Each deployment provides a metrics dashboard to help you understand how your model is performing in production.

You can view up to 24 hours of historical metrics data, aggregated into 15-minute intervals.

Available metrics

The dashboard tracks the following metrics:

  • Latency: Track response times and identify performance bottlenecks
  • Throughput: Monitor requests per second and capacity utilization
  • Error rates: Identify and troubleshoot failed predictions
  • Instance status: See how many instances are starting, idle, or actively processing requests
  • Queue depth: Monitor pending predictions waiting for processing
  • GPU memory usage: Monitor how much GPU memory your deployment is using across all instances

The metrics graphs automatically refresh and provide interactive controls for zooming and filtering data by time range.

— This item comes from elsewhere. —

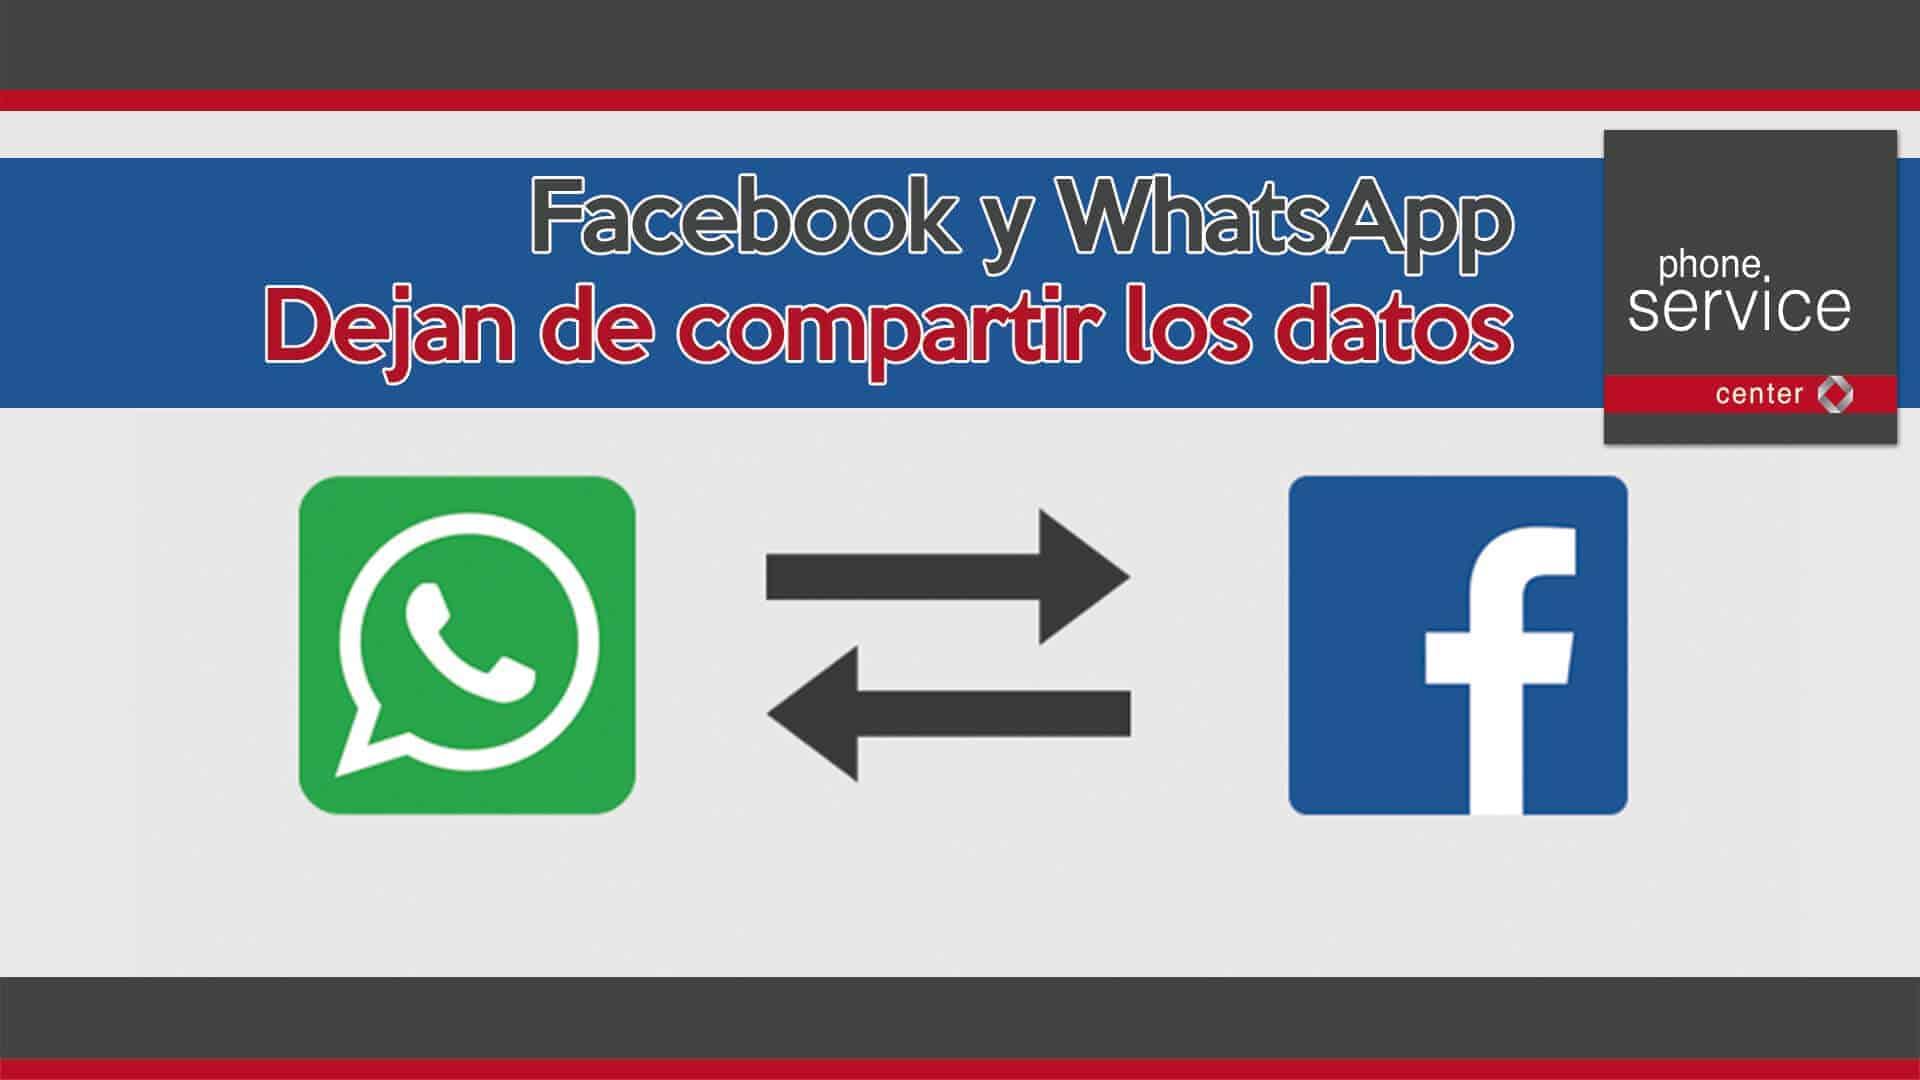 Facebook y WhatsApp dejan de compartir datos

Access your deployment metrics by visiting replicate.com/deployments and selecting the deployment you want to monitor.

GPU memory monitoring

GPU memory monitoring helps you optimize resource utilization and ensure your models are running efficiently. The GPU memory visualization shows:

  • Total memory available: The total GPU memory capacity allocated to your deployment across all instances.
  • Memory usage patterns: Both median and maximum GPU memory usage over configurable time periods (2 hours or 24 hours).
  • Multi-instance aggregation: Memory usage is aggregated across all running instances in your deployment, giving you a comprehensive view of resource utilization.

This monitoring helps you:

  • See if your model is using GPU memory efficiently
  • Decide if you need different hardware for better performance
  • Spot memory usage patterns and potential optimizations
  • Plan capacity for scaling your deployment